Prof. Dr. Dr. Manfred Zehender © Universitätsklinikum Freiburg

Die beiden Kardiologen des Universitätsklinikums Freiburg erhalten in diesem Jahr den Preis für neue Behandlungsansätze zur Optimierung Medikamente-freisetzender Stents in der Behandlung der koronaren Herzerkrankung. Medikamente freisetzende Stents sind als Therapieprinzip in der Behandlung der koronaren Herzerkrankung etabliert. Alle bisher durchgeführten Studien auf diesem Gebiet nutzten interindividuelle Vergleichsansätze mit großen Patientenkollektiven und dem Ziel, den besten, für alle Gruppen gültigen Therapieansatz zu identifizieren. Das Studiendesign ist sinnvoll, um die generelle Überlegenheit einer Stenttechnologie zu testen. Jedoch bleibt die Frage offen, ob alle Patientinnen und Patienten im gleichen Maße von dem so evaluiert „besten“ Koronarstent wirklich profitieren.

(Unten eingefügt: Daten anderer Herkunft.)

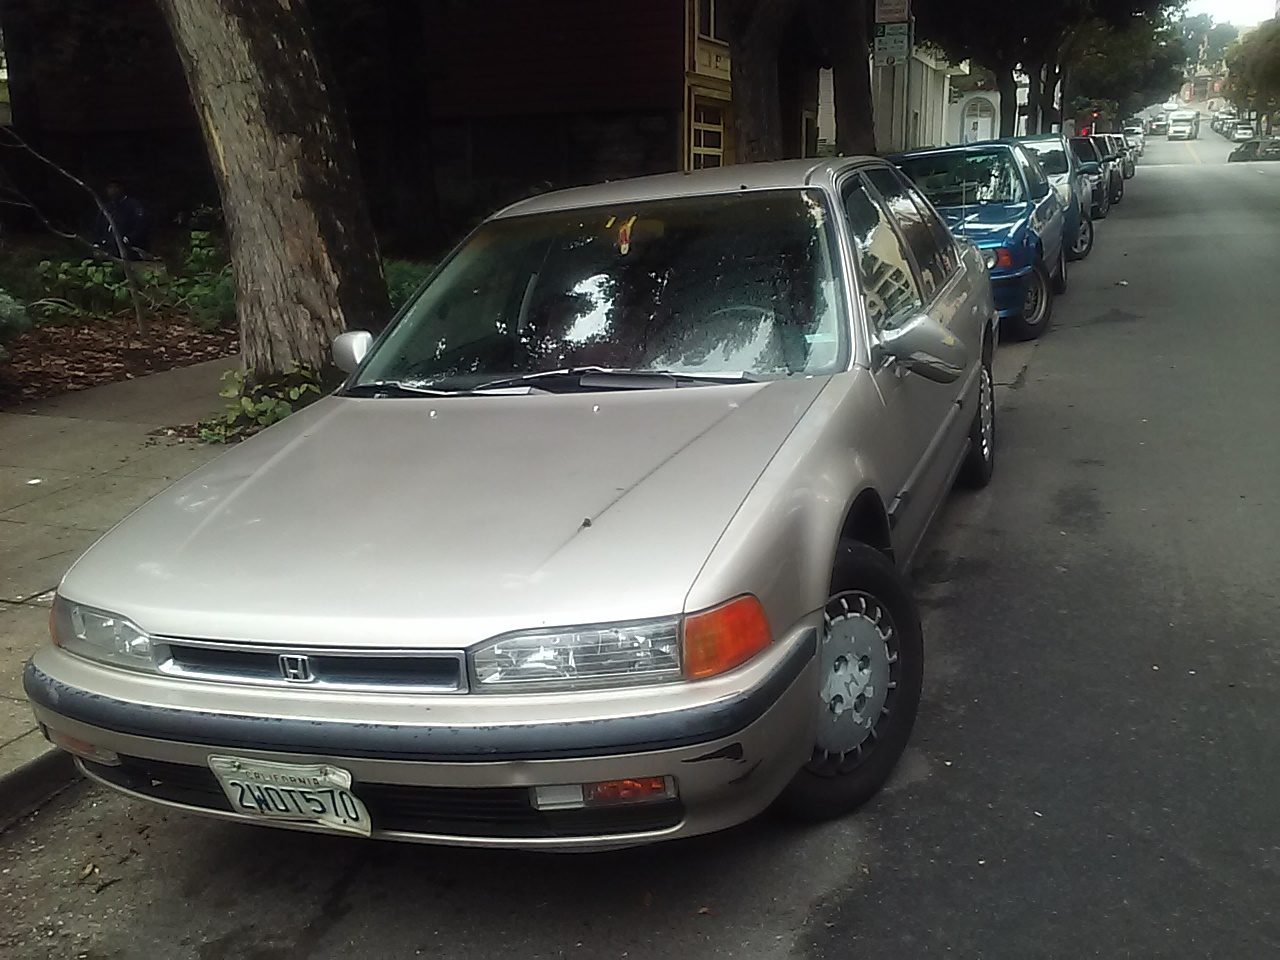 Cash For Cars Clifton, NJ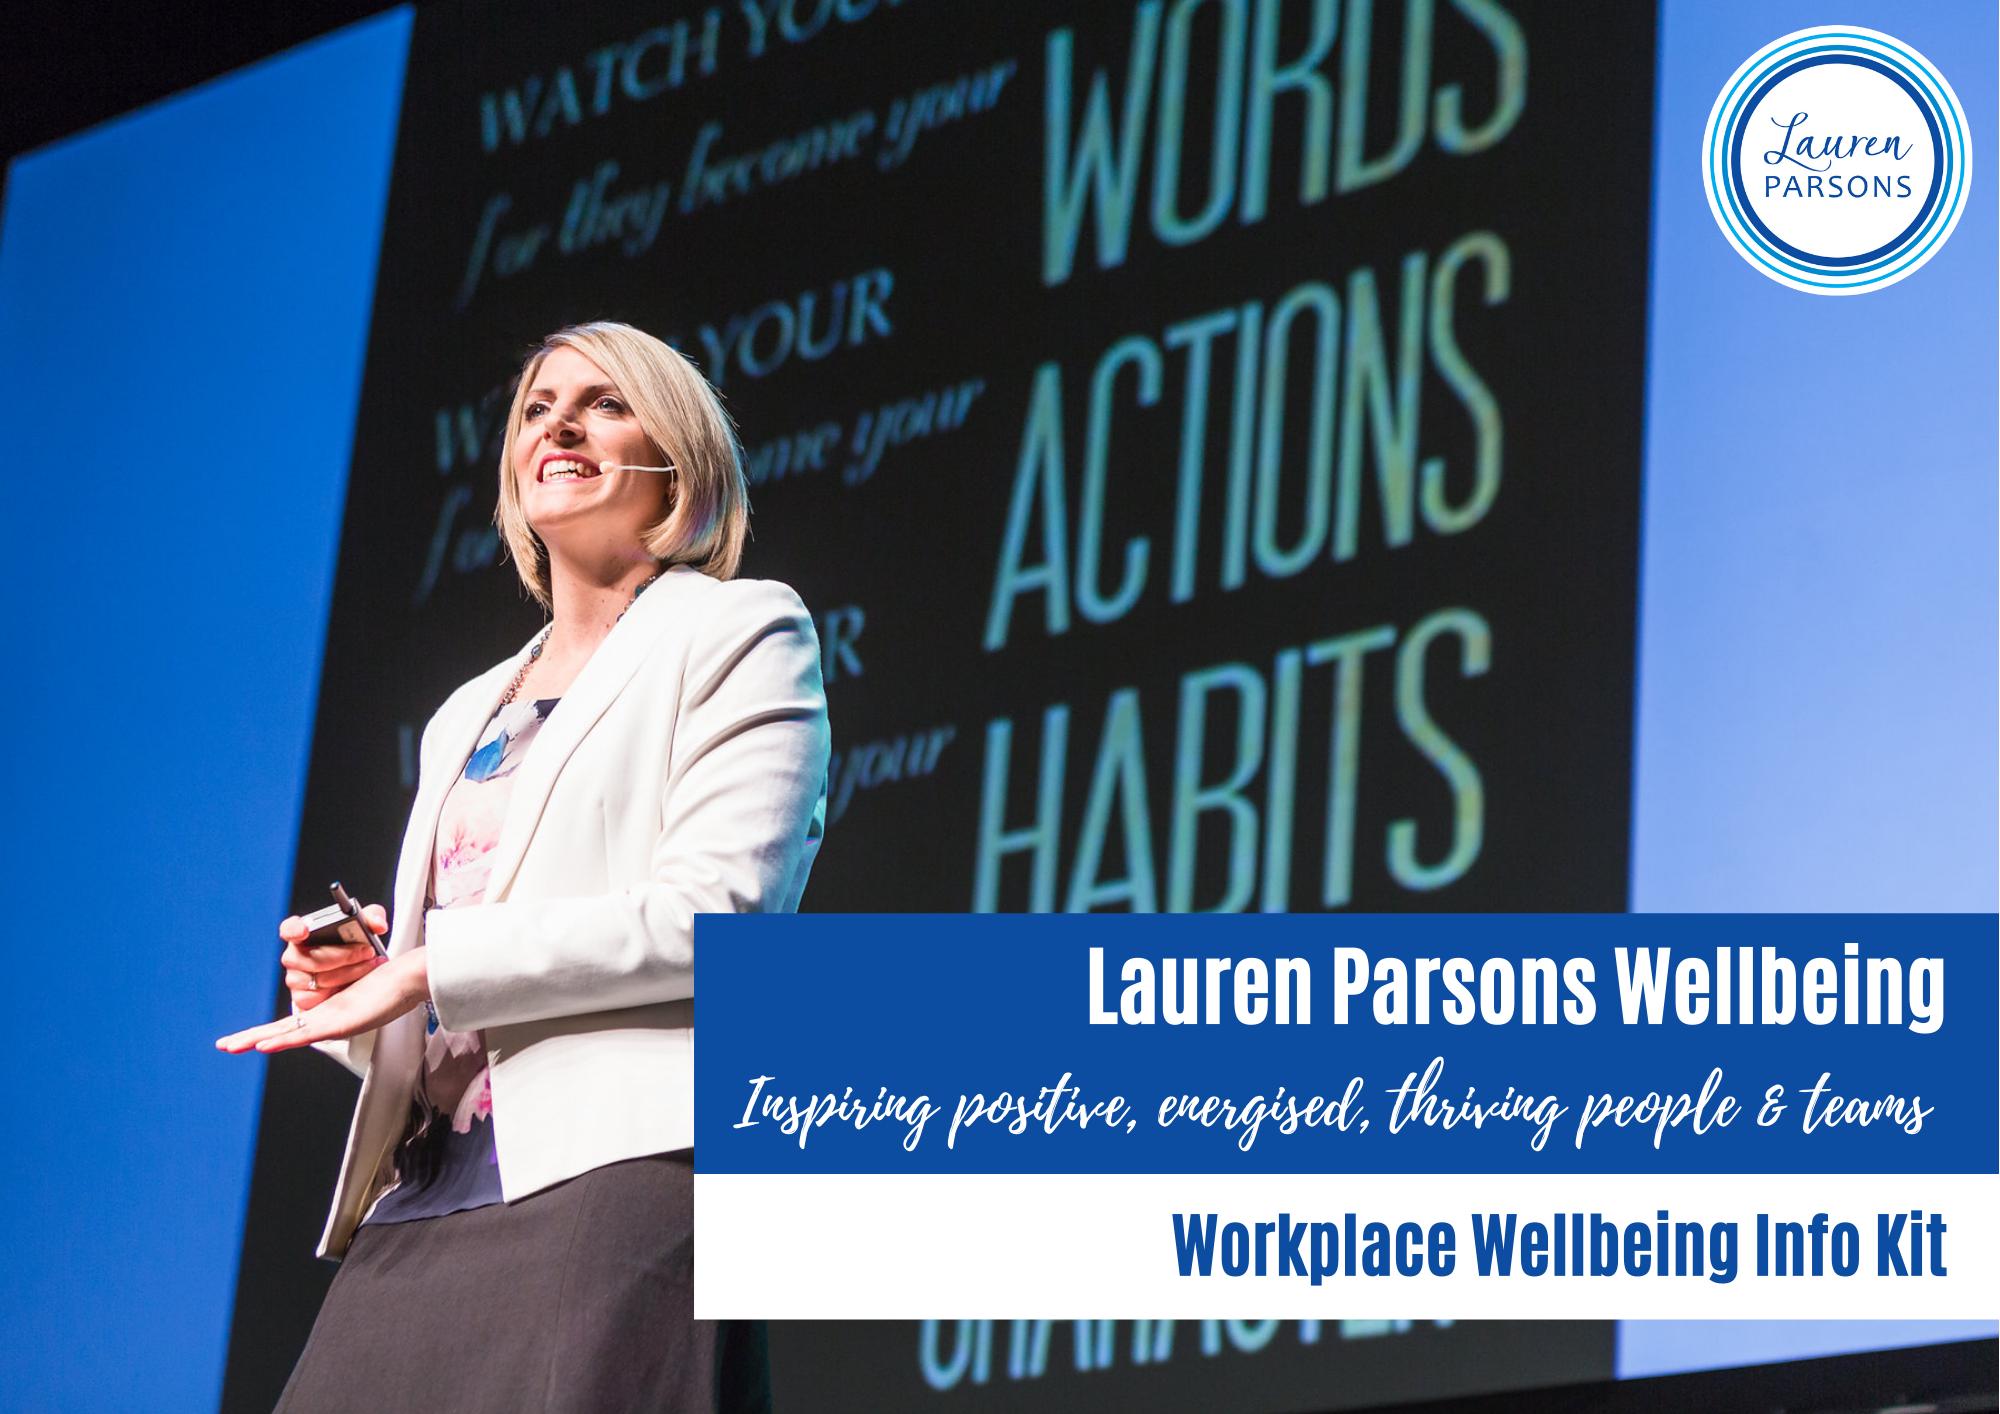 Lauren Parsons Wellbeing Specialist Speaker and Author Speakers Kit

Möglicherweise bietet ein über das ganze Kollektiv betrachteter unterlegener Stent für einen individuellen Patienten weitaus größere Vorteile. Die nun an insgesamt fünf Universitätsklinika unter Leitung der Freiburger Arbeitsgruppe durchgeführte „FREiburgRACE Studie“ geht erstmals dieser Frage nach. Sie wählt mit dem intraindividuell vergleichenden Studiendesign einen neuen Ansatz und liefert erstmals Daten, die darauf hinweisen, dass eine zunehmende Differenzierung der Stent-Technologie zum Wohle der einzelnen Patienten weitaus besser genutzt werden kann.

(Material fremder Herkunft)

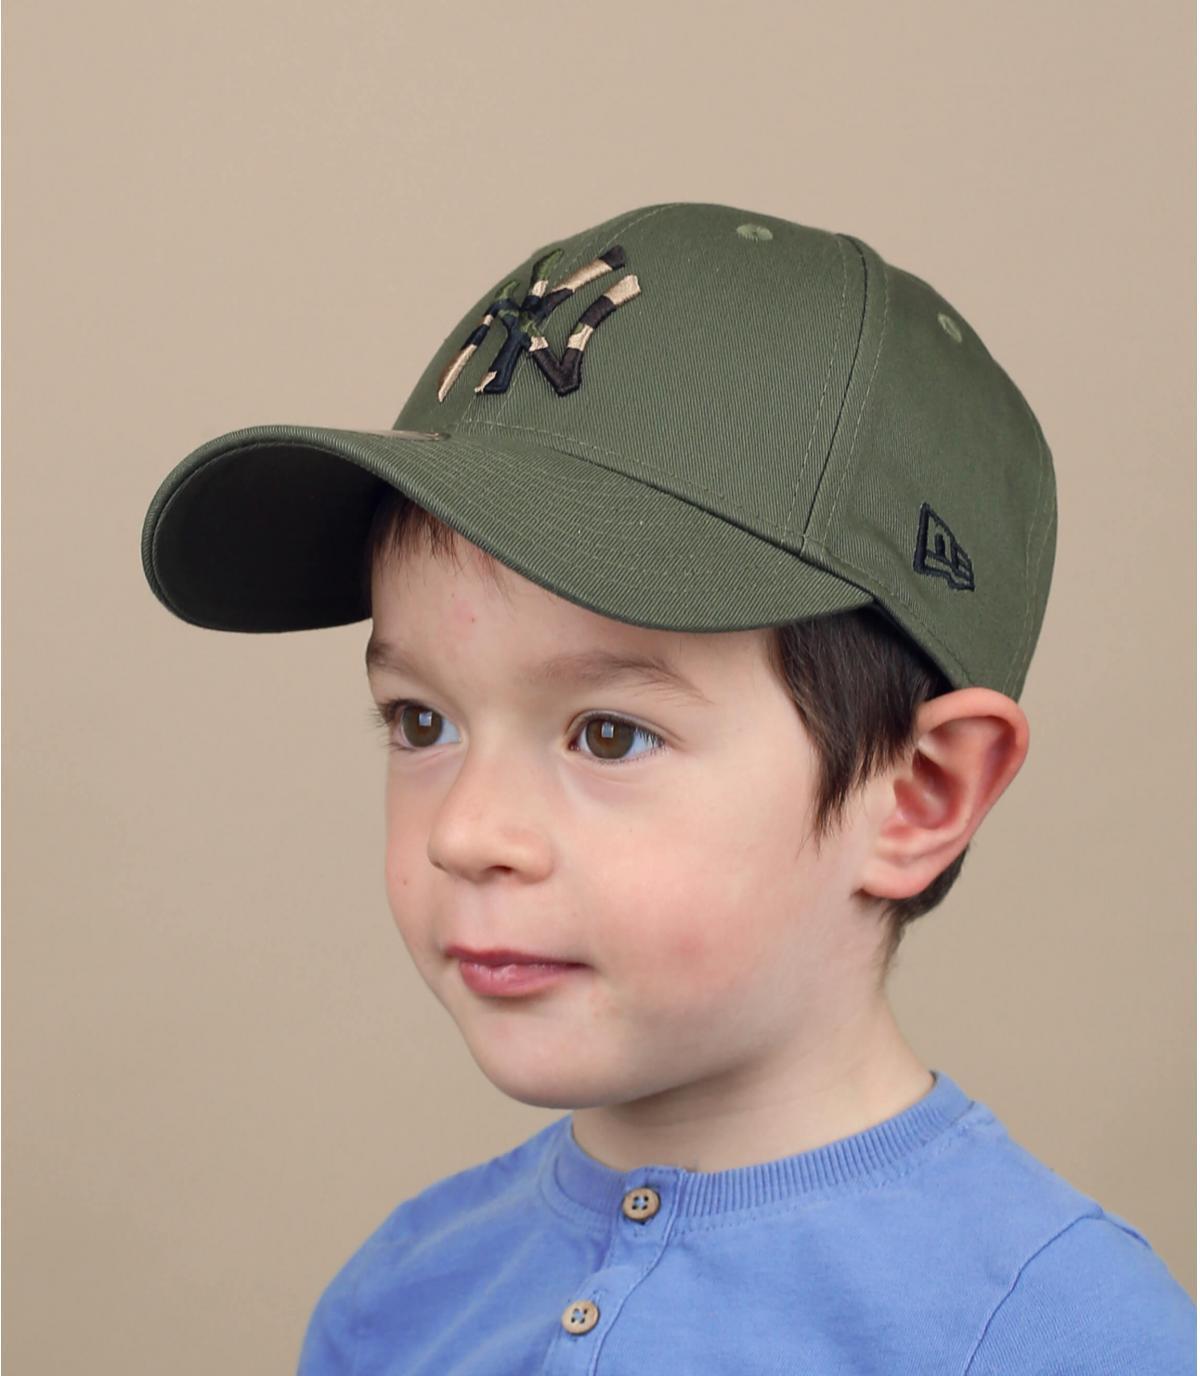 Kinder Cap NY grün camo

Im Rahmen der randomisierten Studie wurde die Fragestellung untersucht,
ob es einen einzigen Medikamente freisetzenden Stent mit dem besten Nutzen-Risiko-Verhältnis für alle Patientinnen und Patienten geben kann, oder ob bei der Auswahl des entsprechenden Stenttyps individuelle Kriterien berücksichtigt werden müssen. Hierzu wurden die Patientinnen und Patienten im intraindividuellen Vergleich, also mit zwei unterschiedlichen Medikamente freisetzenden Stents, in ihren unterschiedlichen Herzkranzgefäßen behandelt und zwölf Monate lang beobachtet.

PD Dr. Marc Kollum © Universitätsklinikum Freiburg

„Die FREiburgRACE Studie bestätigt experimentelle Ansätze, die davon ausgehen, dass individuelle Heilung und Verträglichkeit moderner Stenttechnologie von Patient zu Patient unterschiedlich sein können“,
berichtet Privatdozent Dr. Marc Kollum. „Darüber hinaus zeigt sie, dass das, was der Mehrheit von Patienten nutzt, nicht für jeden Patienten gilt. Im Gegenteil: Die in der allgemeinen Tendenz unterlegenen Koronarstents
können bei entsprechender individueller Auswahl für den einzelnen Patienten deutlich überlegene Ergebnisse erbringen. Das heißt, weniger Wiedereinengung von Gefäßstenosen, weniger Angina pectoris, weniger
Herzinfarkte und weniger Bypassoperationen.“

„Dies ist ein neuer Ansatz, der der modernen Stenttherapie mit ihrer zunehmenden Anzahl technologisch unterschiedlicher Ansätze ganz neue
Therapieoptionen eröffnet“, so Prof. Dr. Dr. Zehender. „Ziel muss es nun sein, den jeweils besten Stent mit dem besten Nutzen-Risiko-Profil für den individuellen Patienten auszuwählen. Die FREiburgRACE Studie hat hierzu die zukunftsweisende Grundlage geschaffen.“

Nicht zuletzt zeigte sich, dass intraindividuelle Vergleichsansätze für die Behandelten genauso zuverlässig und aussagekräftig sind wie große interindividuelle Studien mit zehnmal so vielen Teilnehmenden.